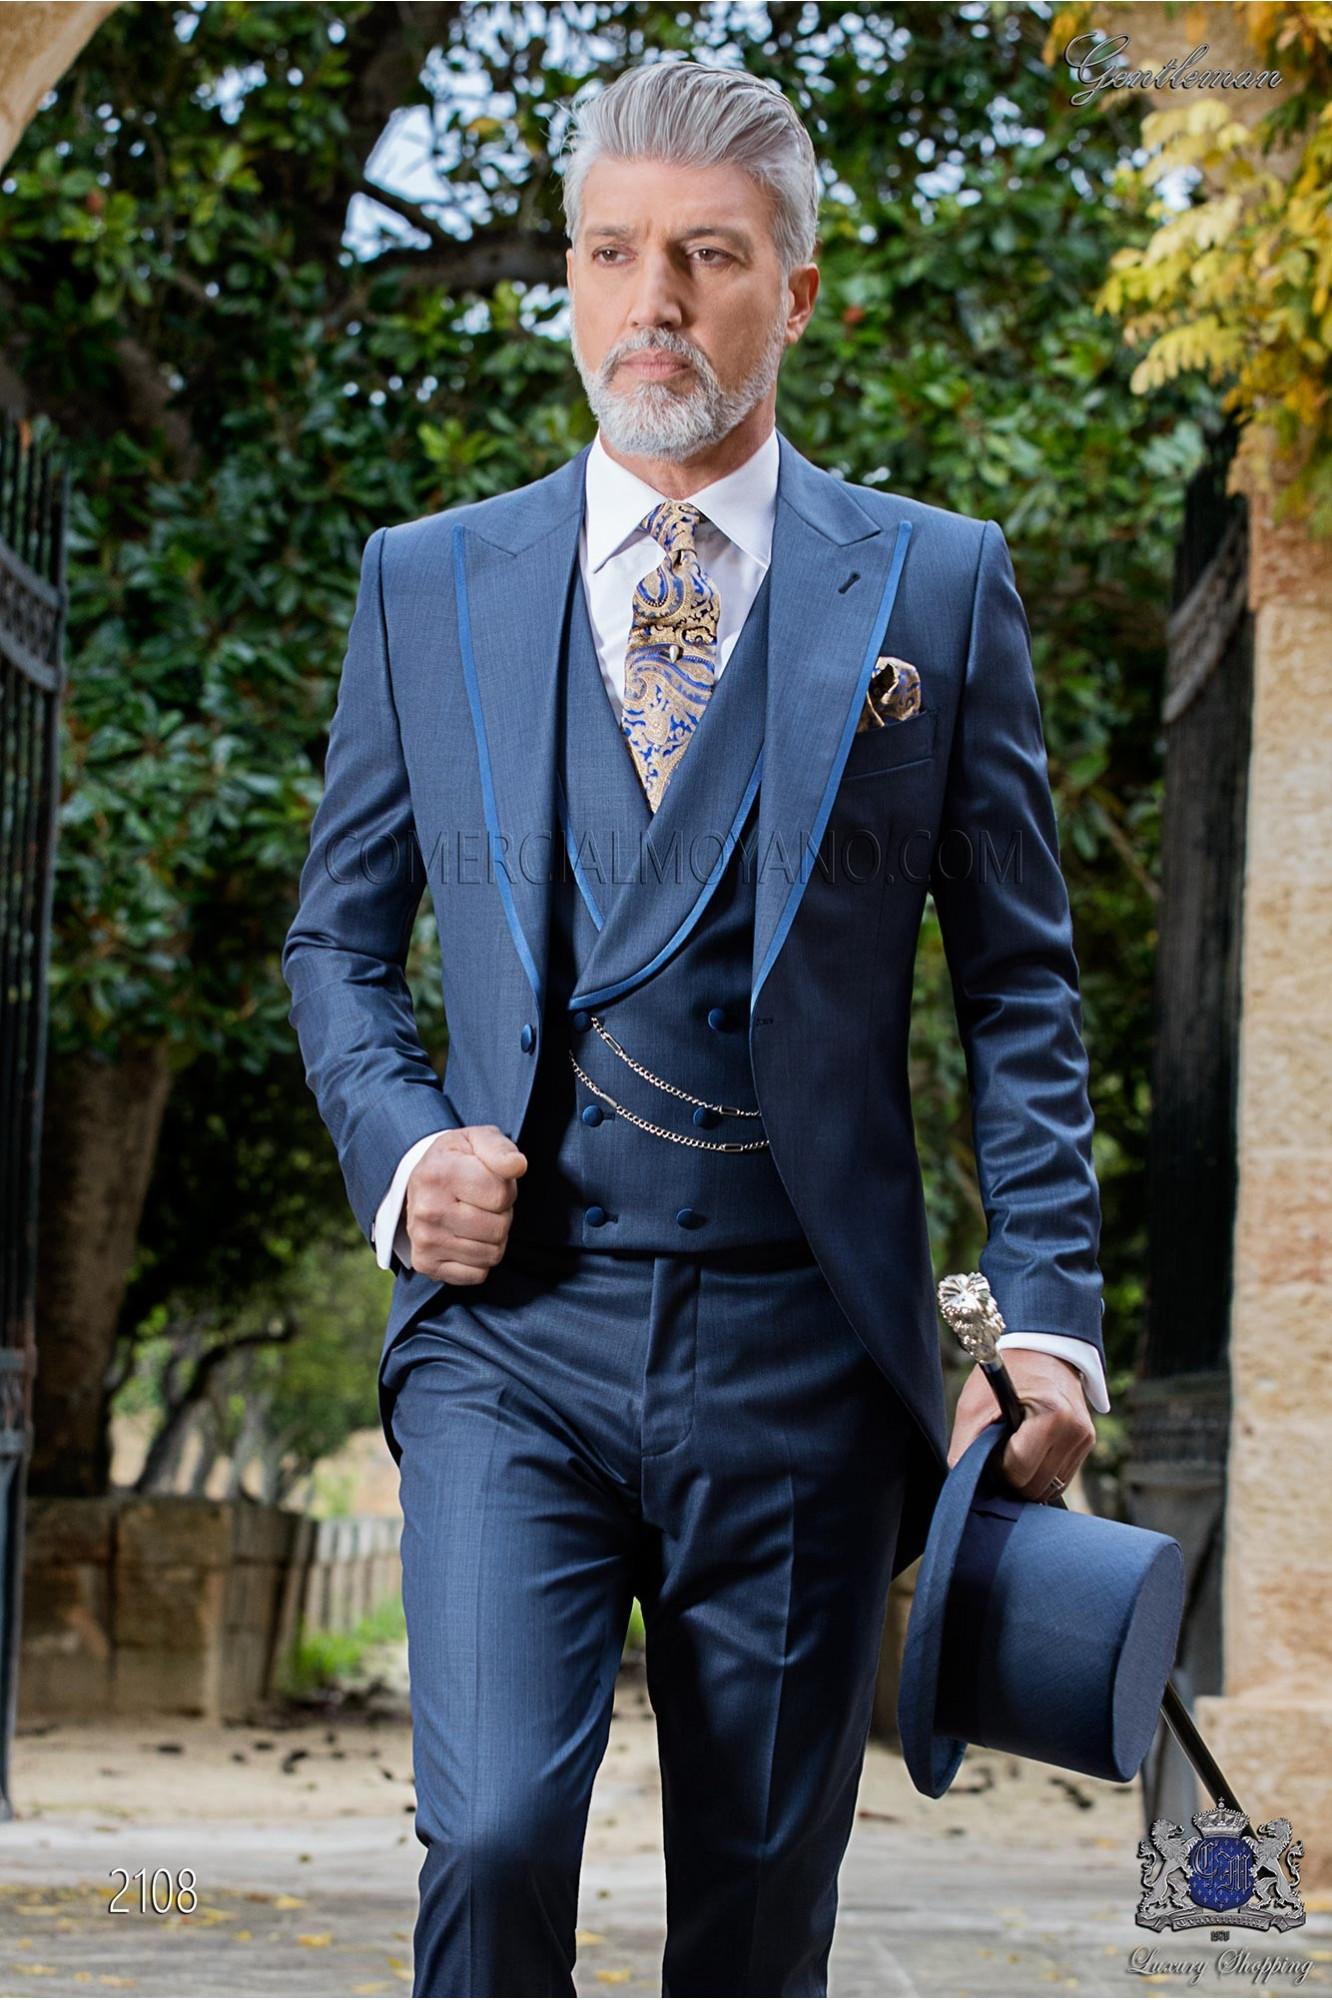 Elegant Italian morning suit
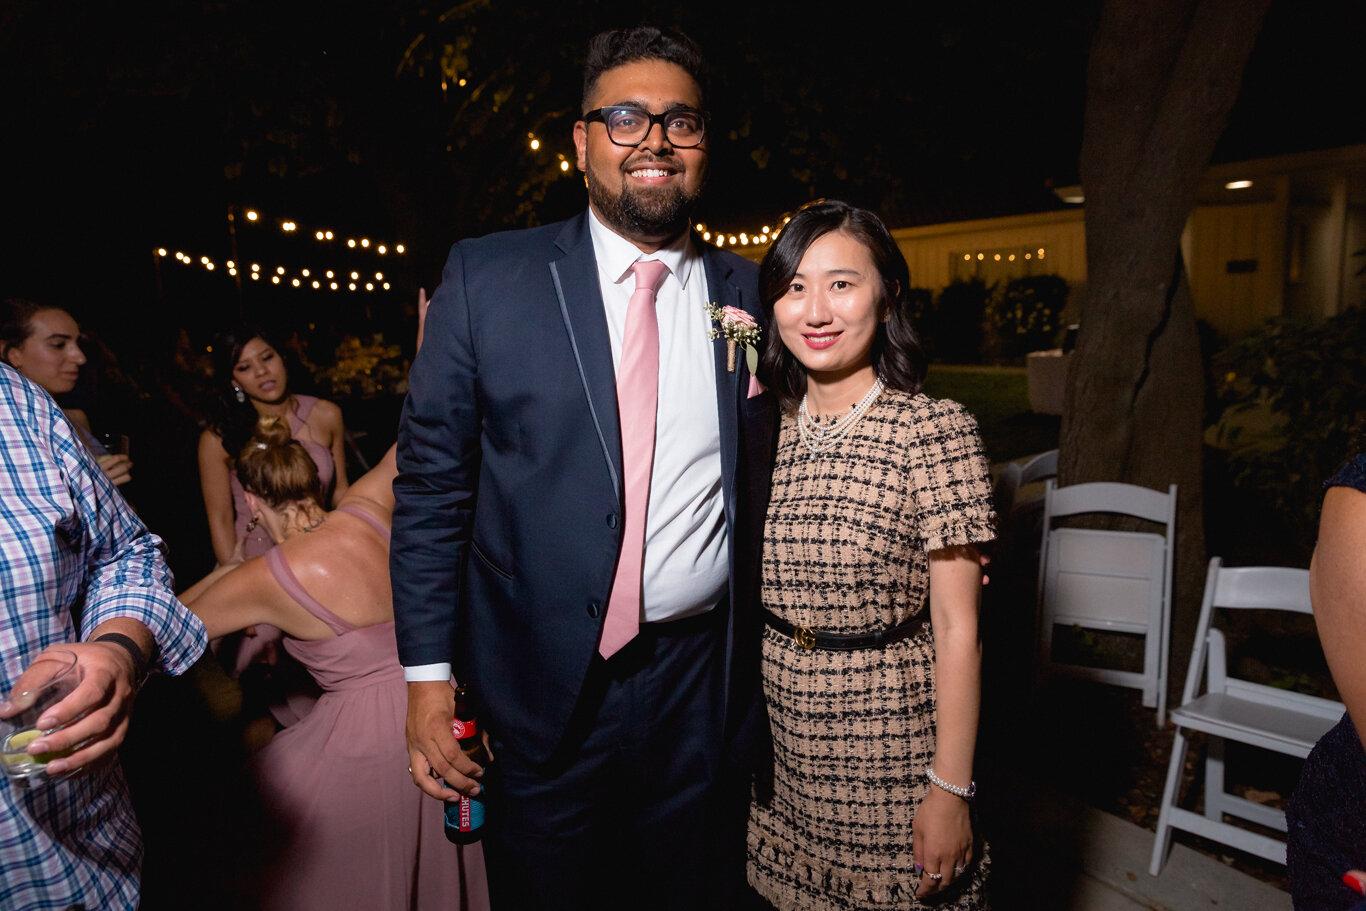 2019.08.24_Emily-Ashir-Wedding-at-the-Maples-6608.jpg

--

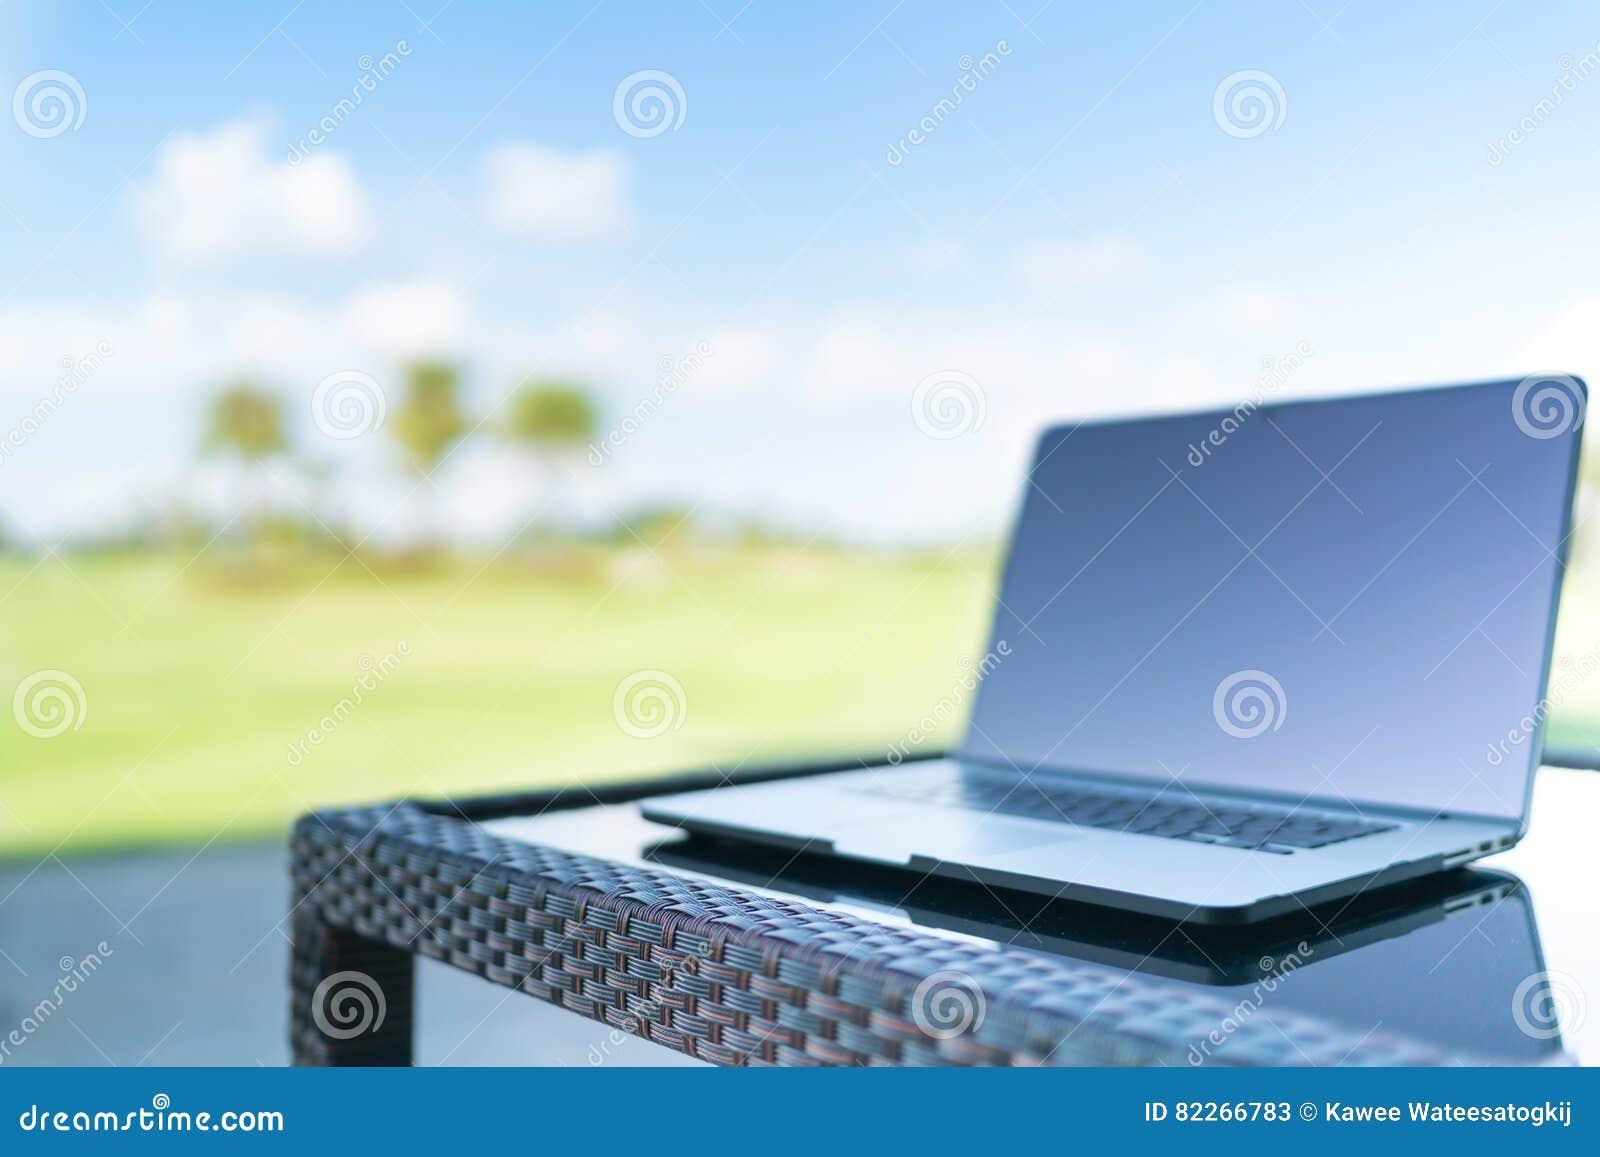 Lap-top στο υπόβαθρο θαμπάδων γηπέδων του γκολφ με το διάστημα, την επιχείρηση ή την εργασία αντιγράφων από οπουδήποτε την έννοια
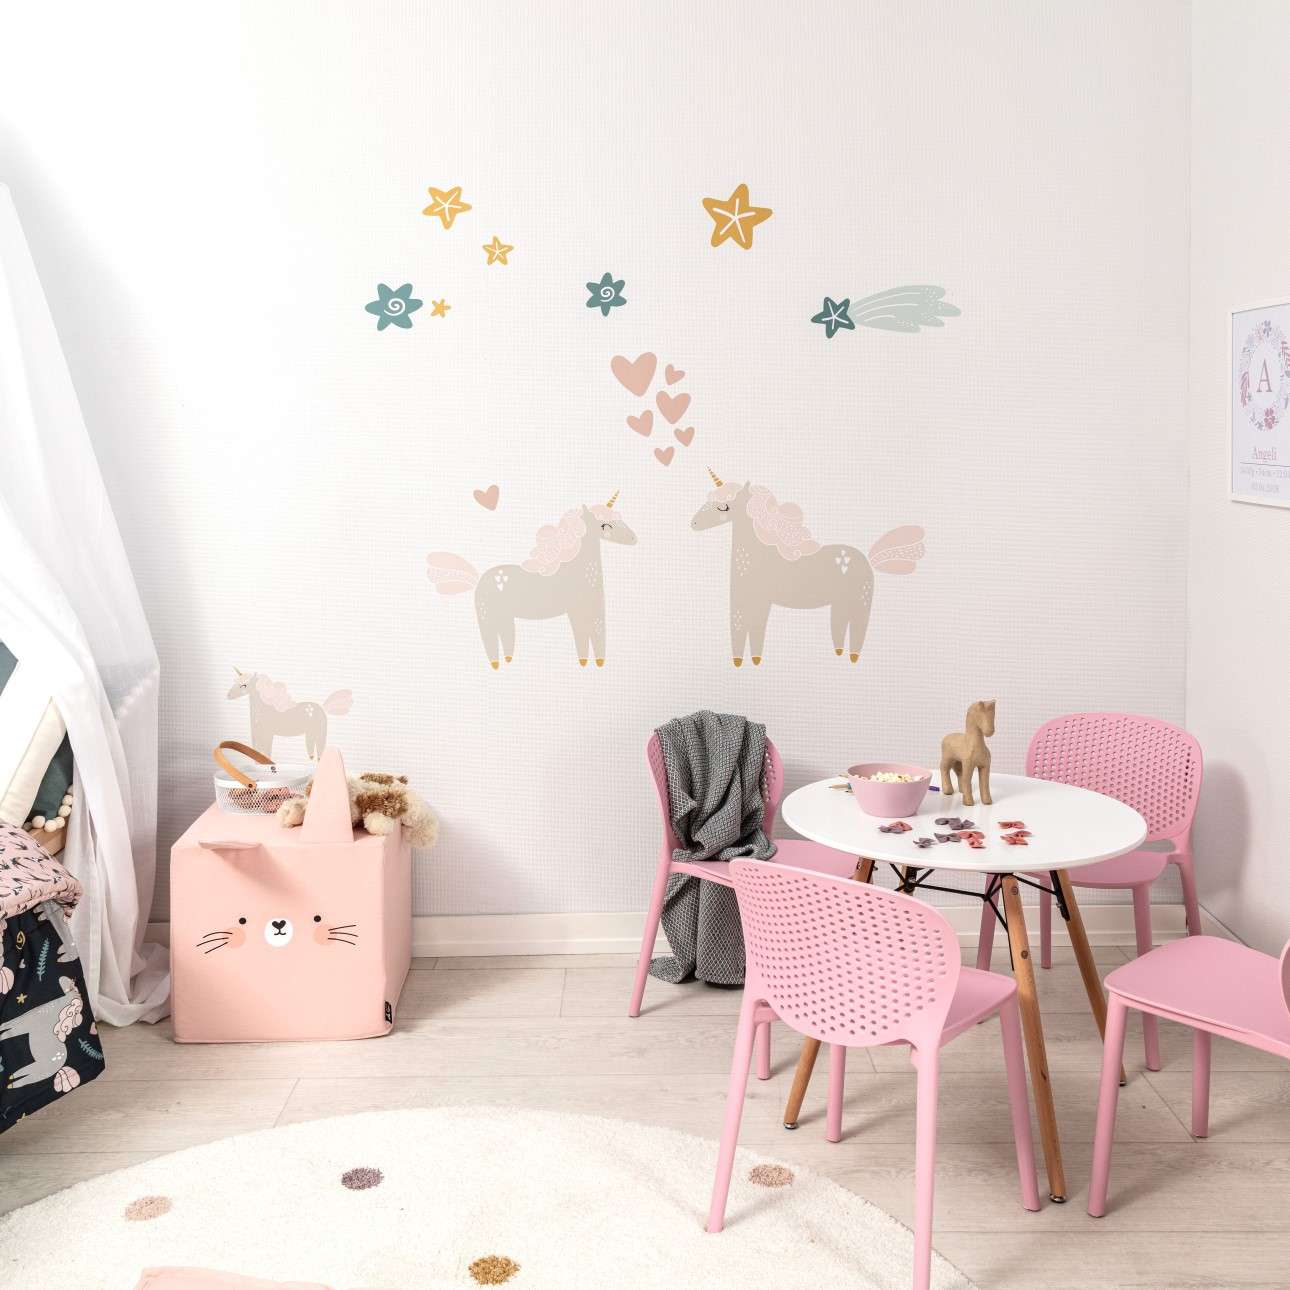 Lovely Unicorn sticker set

==

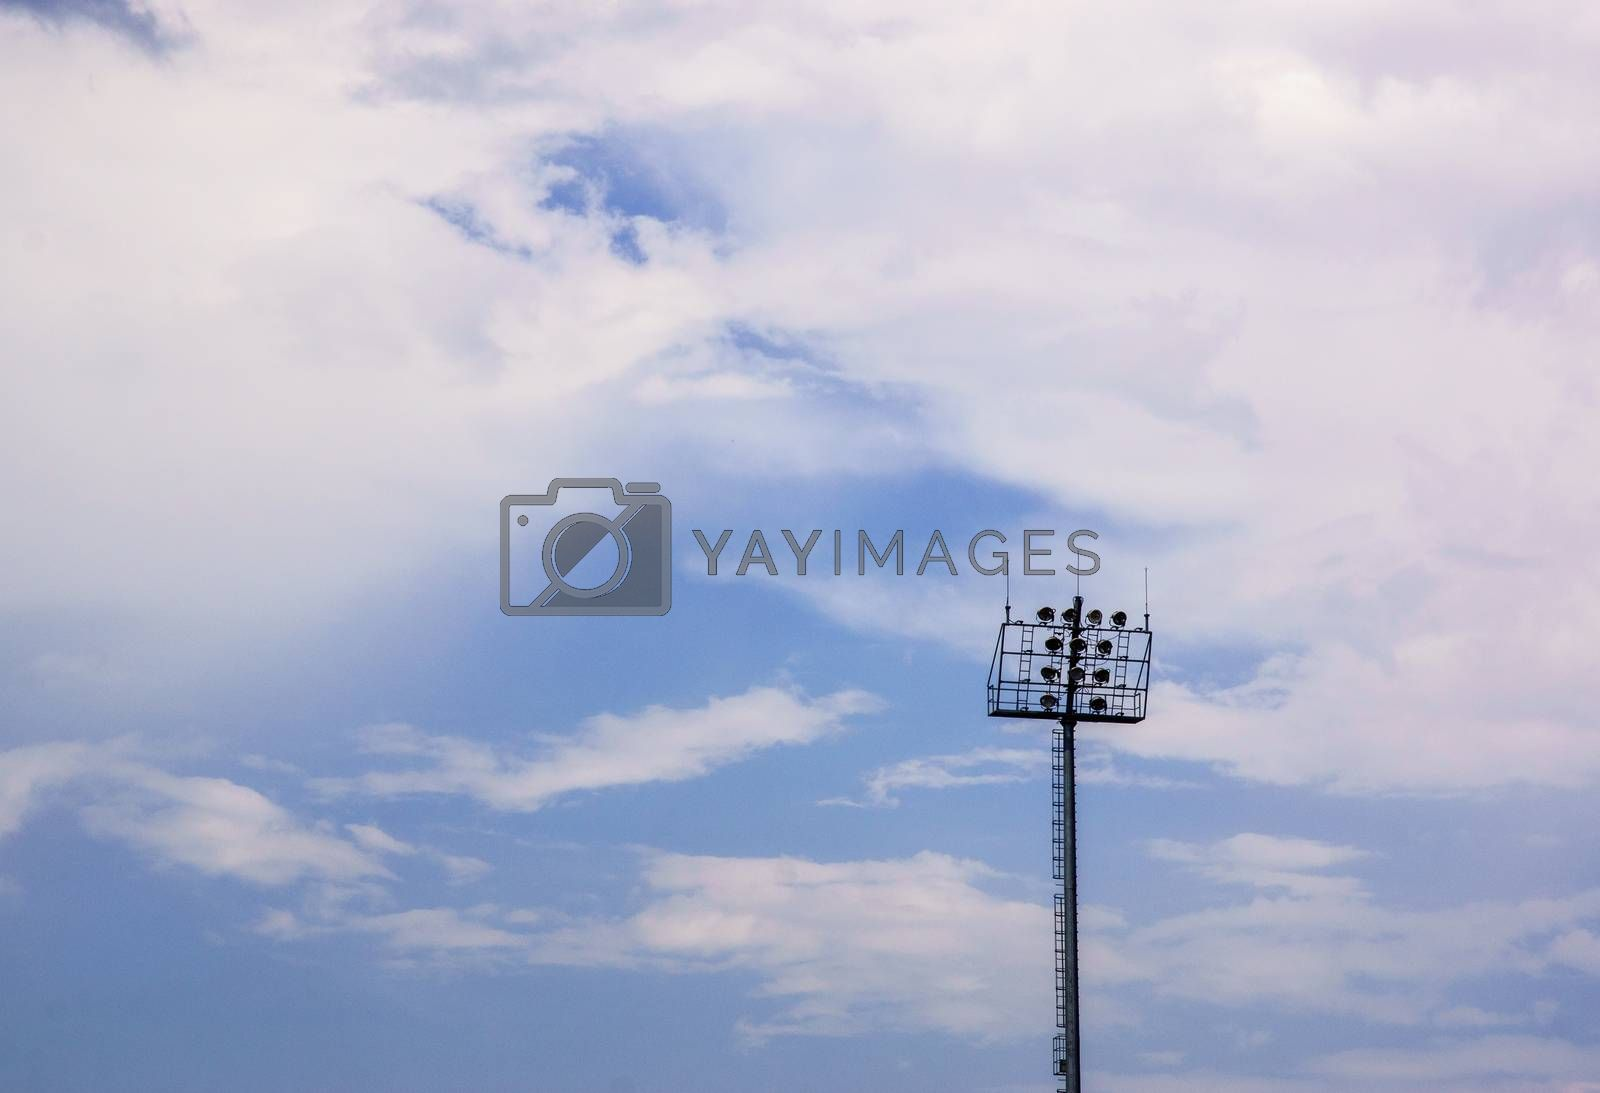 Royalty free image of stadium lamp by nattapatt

What is required. Above are the records. Copy word for word only their lines from the one holding "Elegant Italian morning suit" through the one holding "2019.08.24_Emily-Ashir-Wedding-at-the-Maples-6608.jpg", both included, and skip the images.

Completed task.
 Elegant Italian morning suit
 2019.08.24_Emily-Ashir-Wedding-at-the-Maples-6608.jpg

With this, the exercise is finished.